**WHAT TO PRODUCE:**
Return the full listing unchanged, apart from leaving out its images.

**PROVIDED DATA:**
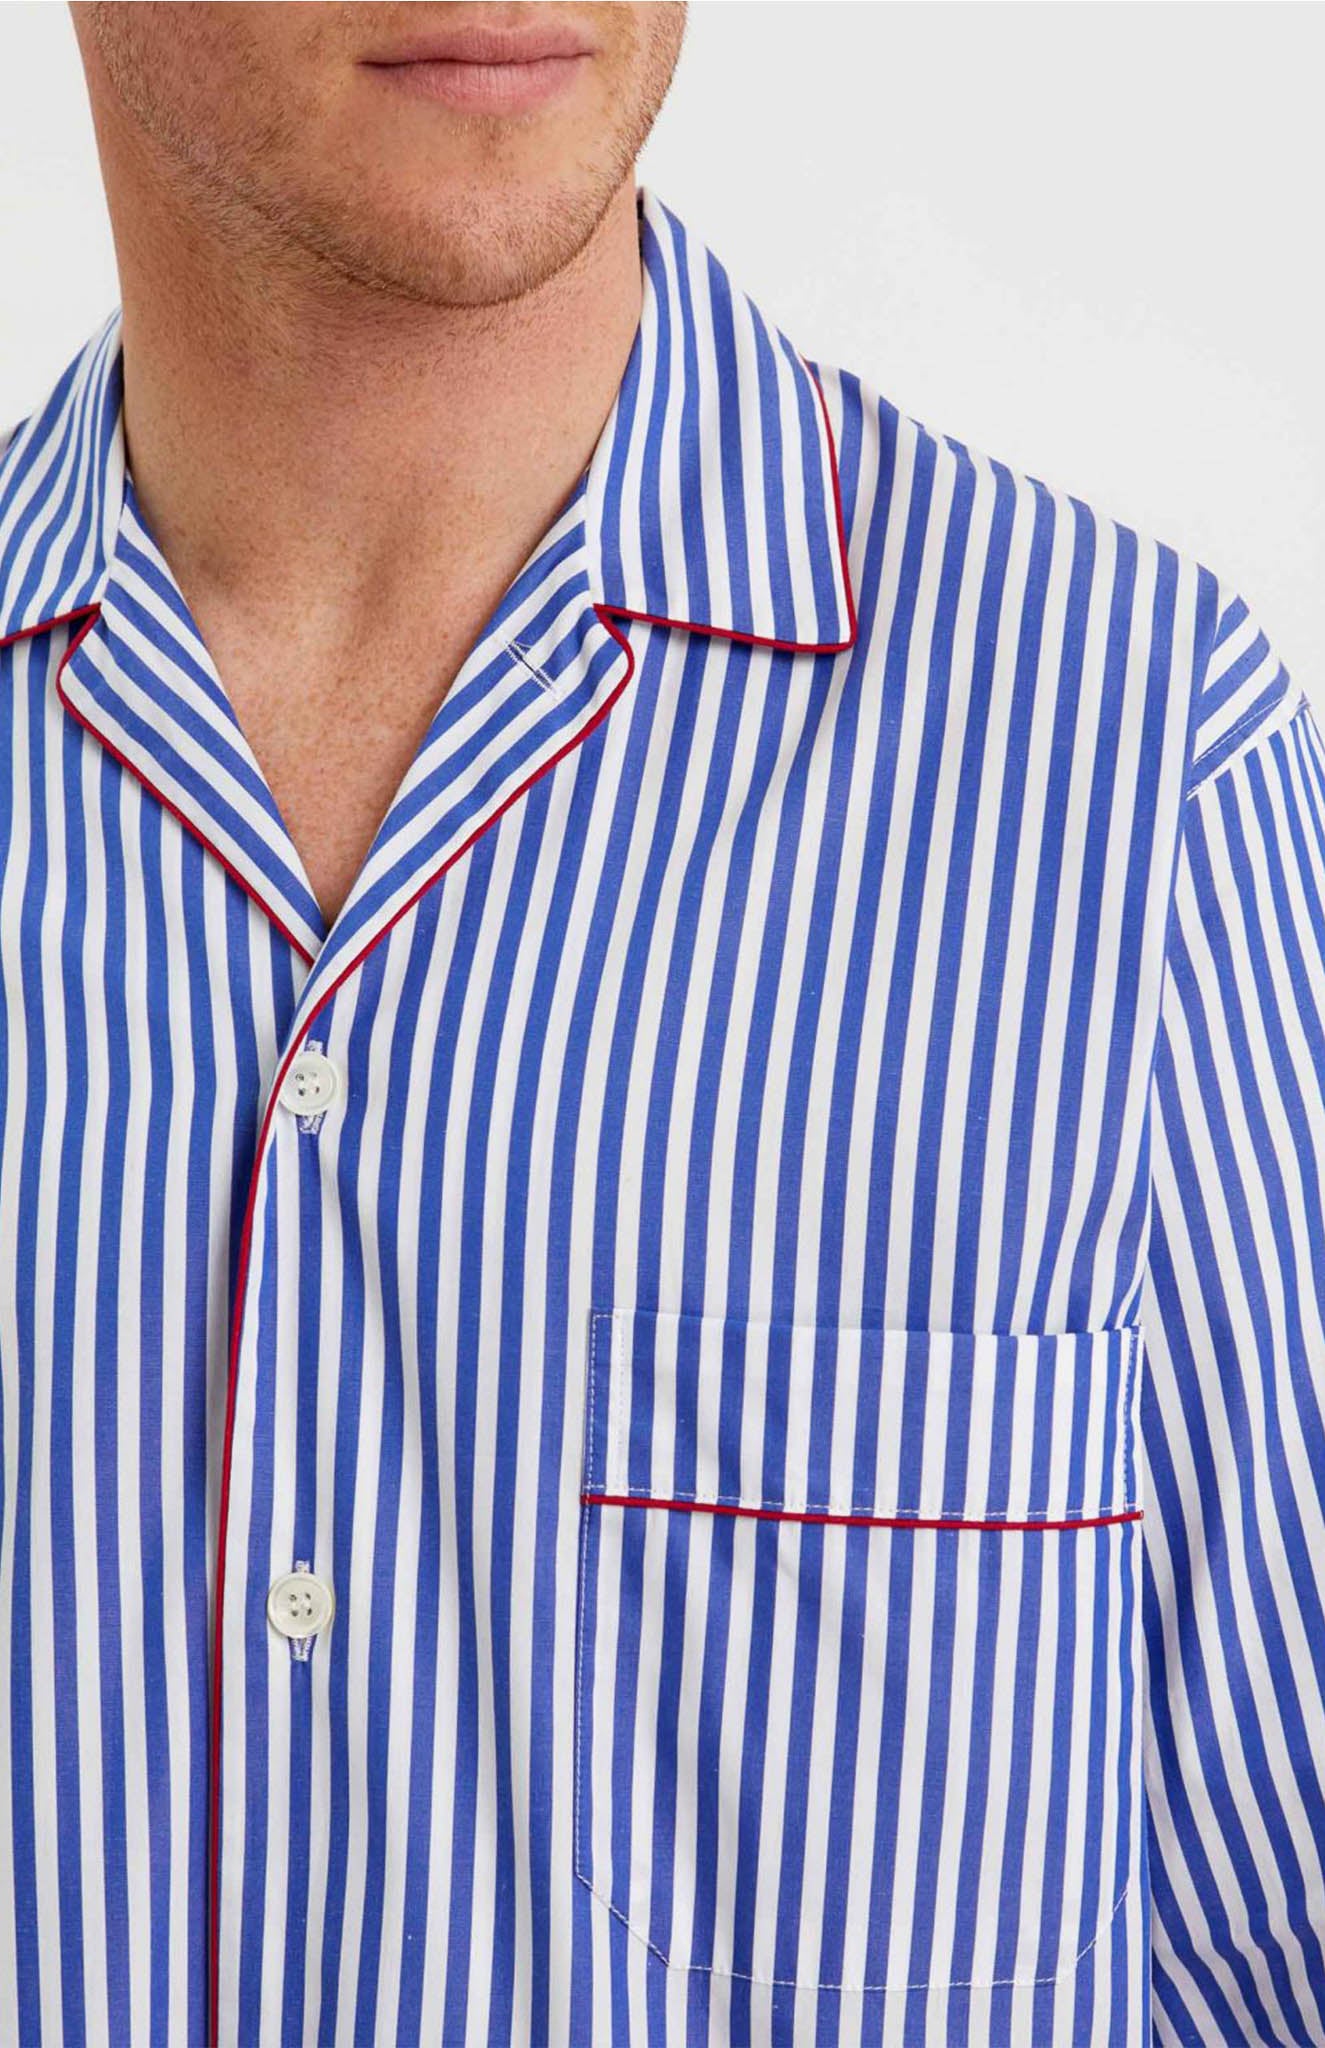 Sea Breeze Stripes | Lounge Wear Set | 100% Cotton | Luxeliv men's wear| sleepwear - blue and white stripes
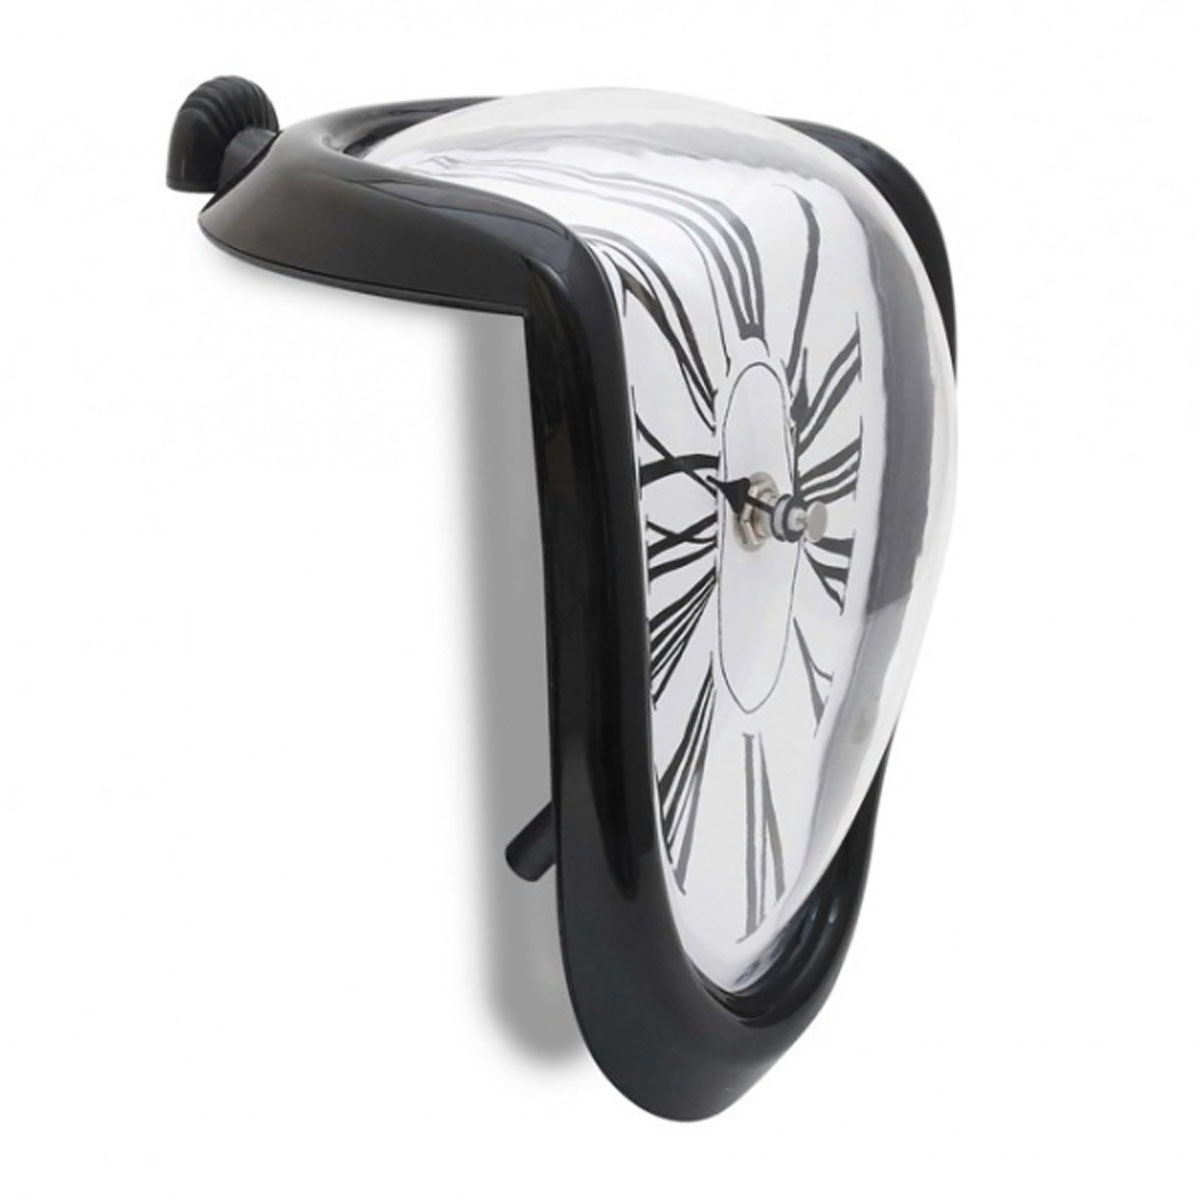 Schmelzende Uhr Zerfliessende Wanduhr Design Melting Clock ...
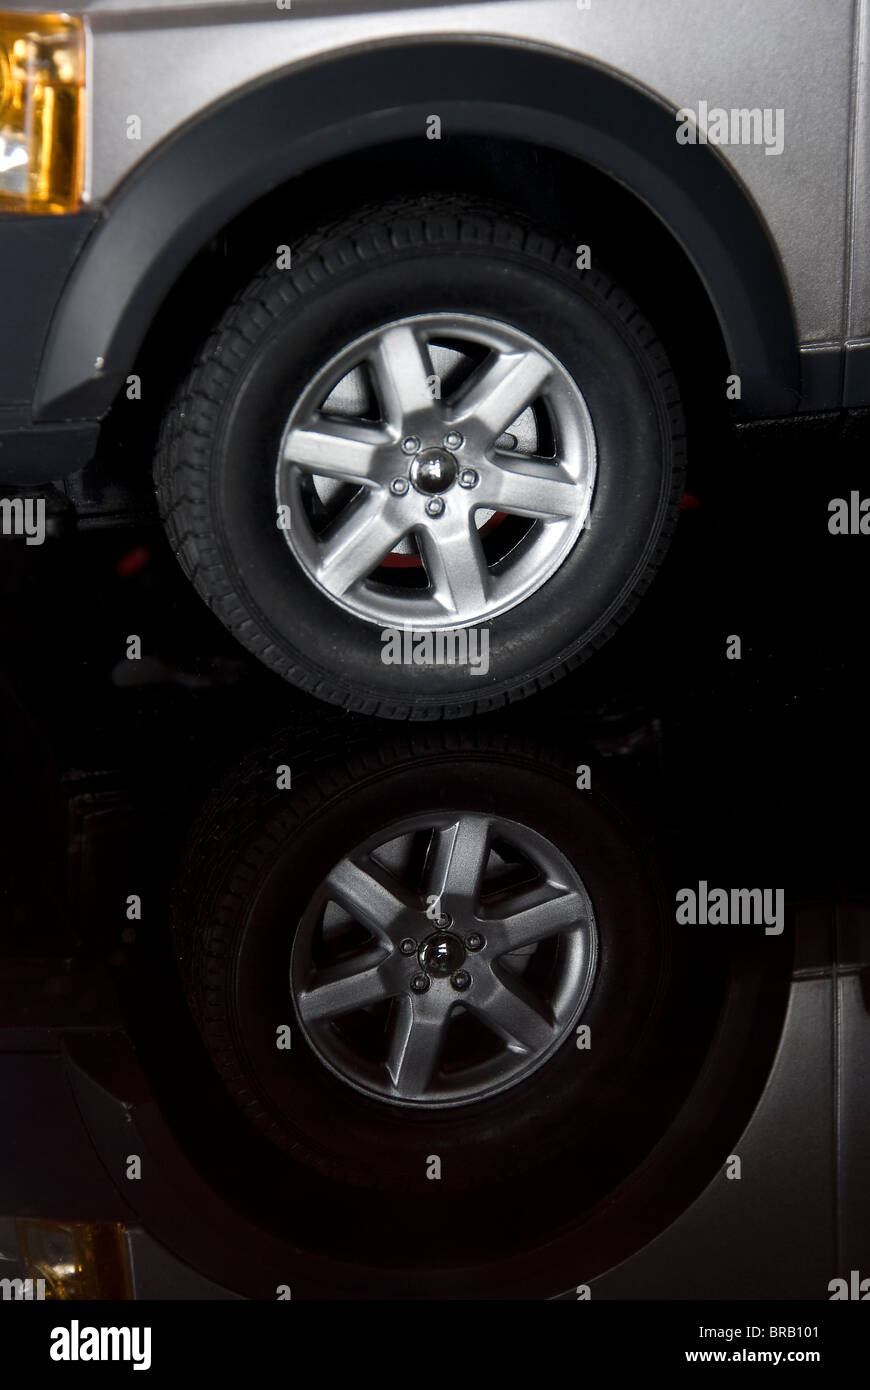 Reflet de pneu de voiture Banque D'Images

**ANSWER SECTION:**
 Sea Breeze Stripes | Lounge Wear Set | 100% Cotton | Luxeliv men's wear| sleepwear - blue and white stripes
 Schmelzende Uhr Zerfliessende Wanduhr Design Melting Clock ...
 Reflet de pneu de voiture Banque D'Images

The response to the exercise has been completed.